Quinoa or couscous can be excellent alternatives for bulgur in stuffings for vegetables or poultry due to their light and fluffy textures.
Try swapping bulgur for farro or barley in a risotto recipe. These grains can create a similarly creamy and comforting dish, with a pleasant, chewy bite.
5. Grain Bowls
Grain bowls are a fantastic way to experiment with different grains. Use freekeh, buckwheat, or millet in place of bulgur for a nutritious and satisfying meal.
6. Baked Goods
In certain baked goods like breads or muffins, finely ground grains such as millet or buckwheat can be used as a substitute for bulgur to add a wholesome, nutty flavor and texture.
Millet or spelt can be used instead of bulgur to create a warm, comforting porridge.

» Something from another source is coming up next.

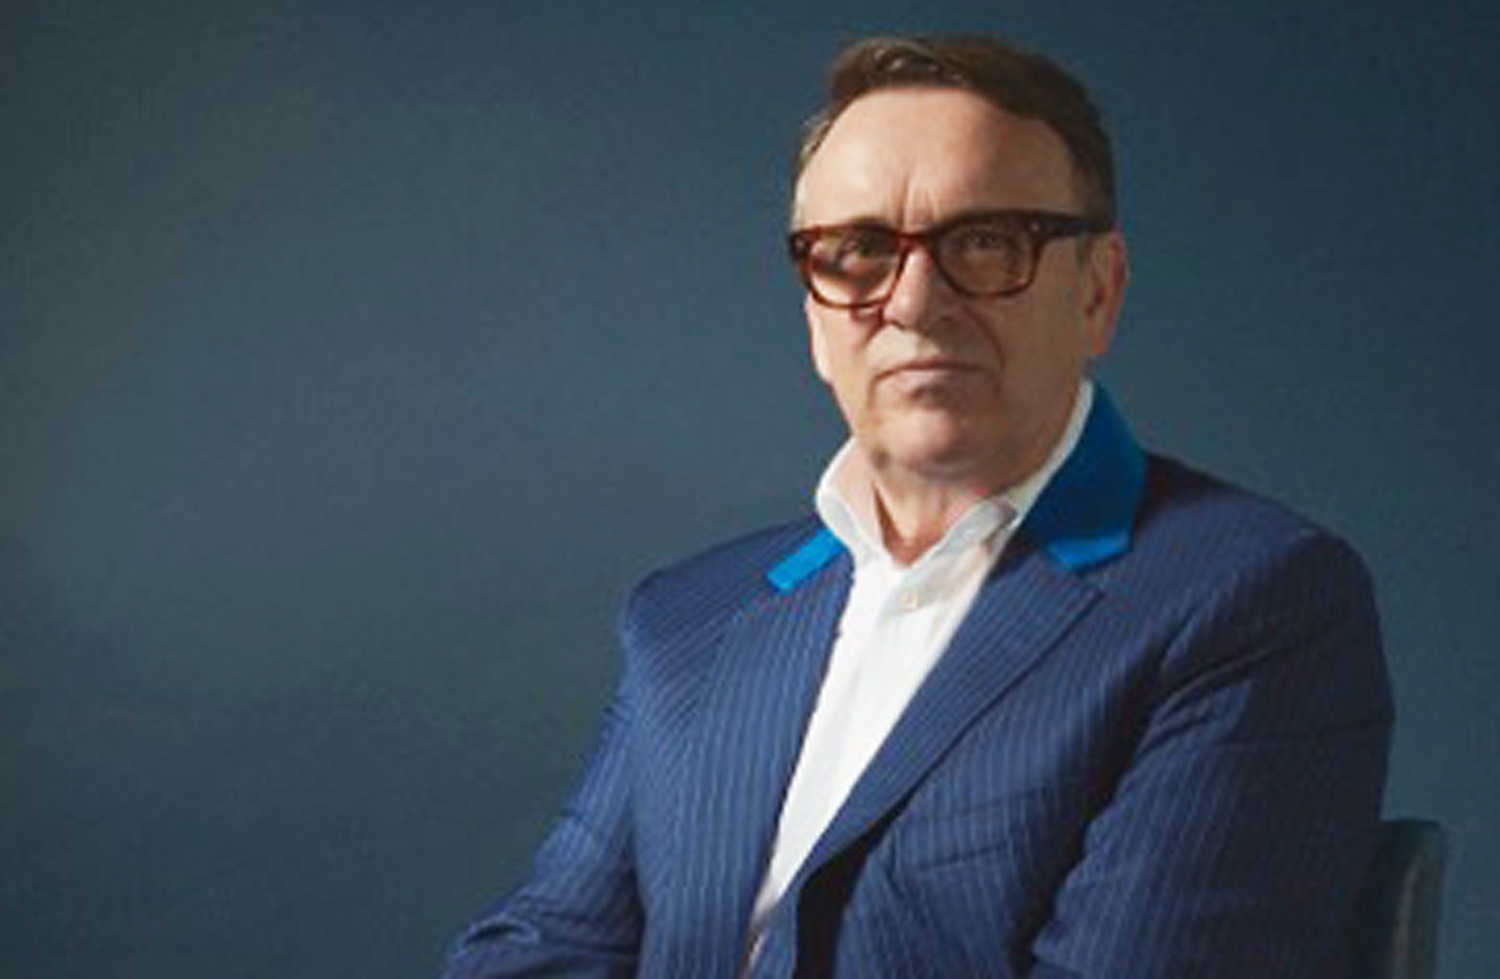 Chrs Difford, The Acoustic Book Tour, comes to Harrogate

These grains provide a similar hearty texture, making them excellent substitutes in breakfast dishes.
💡 Tips and guidance
Remember to adjust cooking times when using substitutes as they may not cook at the same rate as bulgur. Some grains, like farro, may need to be soaked before cooking. Don’t be afraid to experiment with different combinations of flavors and textures to get your perfect dish.
Embrace the versatility of these bulgur substitutes in your cooking. Each grain has its unique flavor profile and nutritional benefits. So, get creative and discover new ways to enjoy your favorite dishes. Happy cooking!